When starting feels impossible: practical ways to begin

Wanting to begin is not the same as being able to begin. You know the task. You care about it. You may be stressed about the consequences of not doing it. And yet you cannot start.

Image

From the outside, this often gets misread as laziness or stubbornness. Inside, it can feel like paralysis: a stuckness that is tense, unpleasant, and oddly exhausting.

In psychology, this is best described as a difficulty withtask initiation, one part of executive functioning. Executive functions are the brain’s control processes that help us plan, begin, switch, sustain effort, and inhibit distractions. They are strongly associated with prefrontal brain networks.

A key point, backed by both clinical practice and research, is that initiation problems are usually not about a lack of character. They are more often about a mismatch between the demands of the task and the person’s available cognitive control, energy, emotional bandwidth, and environment.

There is also a science-friendly humility worth keeping: public explanations often lean on tidy “brain switch” stories. Real nervous systems do not work like a single on/off lever. Stress, fatigue, emotion, reward delay, and uncertainty can all influence executive control in ways that vary between people and situations.

What helps is not a lecture about discipline. What helps is reducing the friction of starting and adding practical scaffolding. Below are eight approaches that can help make starting a task feel more manageable.


Eight ways to repair the “start button”

Map your executive function bottlenecks

If starting tasks is a recurring problem, it helps to stop treating them as vague personal failure and start to look for patterns in what’s getting in the way. Executive functioning can be assessed informally (structured reflection or therapy) or more formally (validated questionnaires used in clinical and educational contexts). Task initiation is a recognised executive-function construct in standard assessment frameworks.

Why it helps: mapping does not “prove the cause”, but it turns a foggy problem into a practical target and makes it easier to choose helpful strategies.

Practical move: identify whether the main barrier is initiation, switching, planning, time estimation, emotional overwhelm, or perfectionism. “Everything is hard” is not a plan.

Make the first step laughably small, then pre-decide it

Many initiation blocks are triggered by the size, vagueness, or emotional weight of a task. A reliable workaround is to shrink the first action until it feels almost silly. Even better: turn it into an if-then plan, also called an implementation intention. This approach has strong evidence for improving goal initiation and completion across many studies. 

Why it helps: specific cues plus specific actions reduce decision load and ambiguity, and make starting more automatic.

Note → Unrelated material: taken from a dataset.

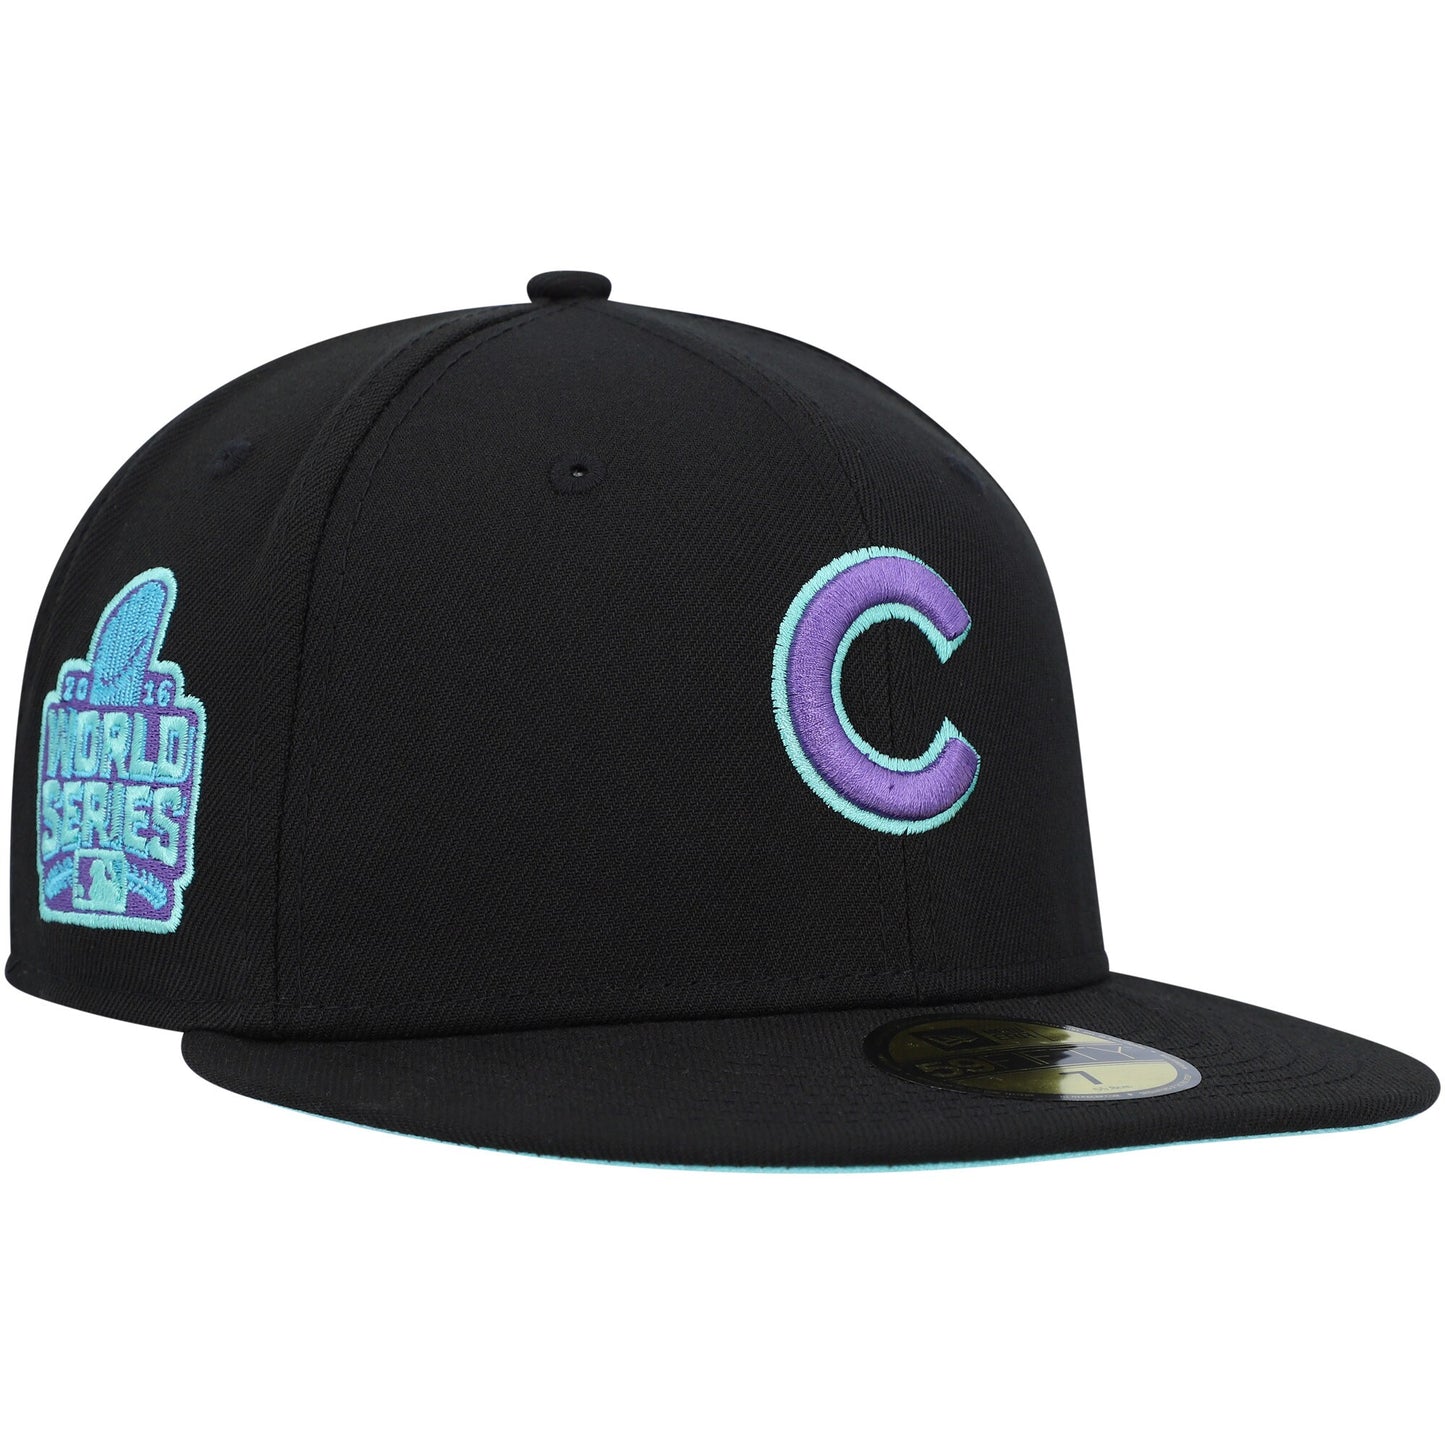 Chicago Cubs New Era 2016 World Series Black Light 59FIFTY Fitted Hat - Black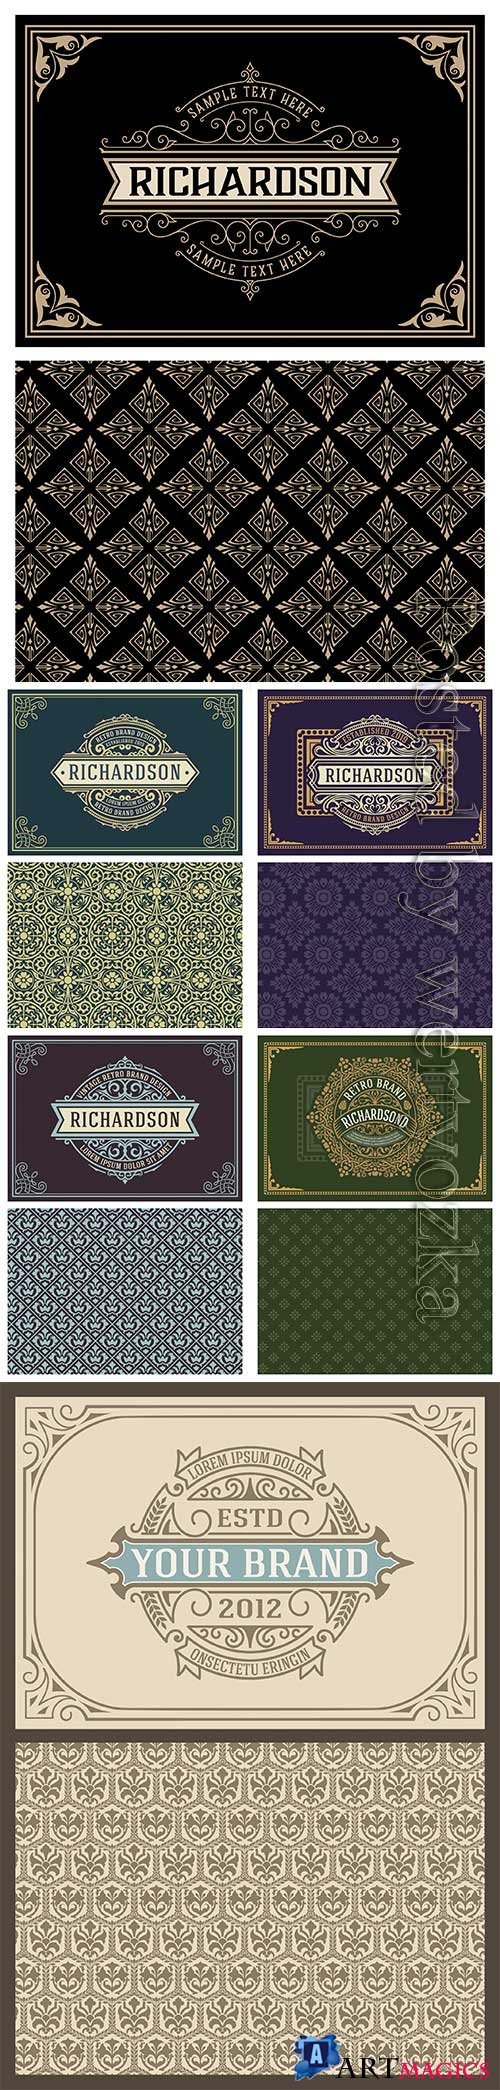 Vintage greeting vector card with ornate swirls and retro background template

Try it: “If it is 09:30, then I open the document and write the title.” Not “work on the report”.

Use brief movement to shift state before you start

Short bouts of aerobic movement can temporarily improve aspects of attention and executive control. In adults with ADHDmeta-analytic evidence suggests that acute exercise can have a moderate benefit for inhibitory control and small improvements in core symptoms, with chronic exercise evidence more variable. 

Why it helps: movement can shift arousal, mood, and cognitive readiness. It does not “fix” initiation permanently, but it may reduce stuckness enough to begin.

Keep it simple: 5–10 minutes brisk walking, stairs, or a short cycle. Avoid “shock” methods unless you know they are safe for you.

Create a repeatable “take-off ritual”

A short, consistent pre-start routine can reduce uncertainty and help your brain associate a sequence of cues with beginning work. Think: same drink, same desk setup, same playlist, same first click.

Habit formation research supports the idea that repetition in a stable context can build automaticity, but timelines vary a lot. A classic study found a median of around 66 days to reach near-automaticity for simple behaviours, with wide individual variation. 

Why it helps: rituals reduce the number of decisions required to begin; over time, they can become cues for action.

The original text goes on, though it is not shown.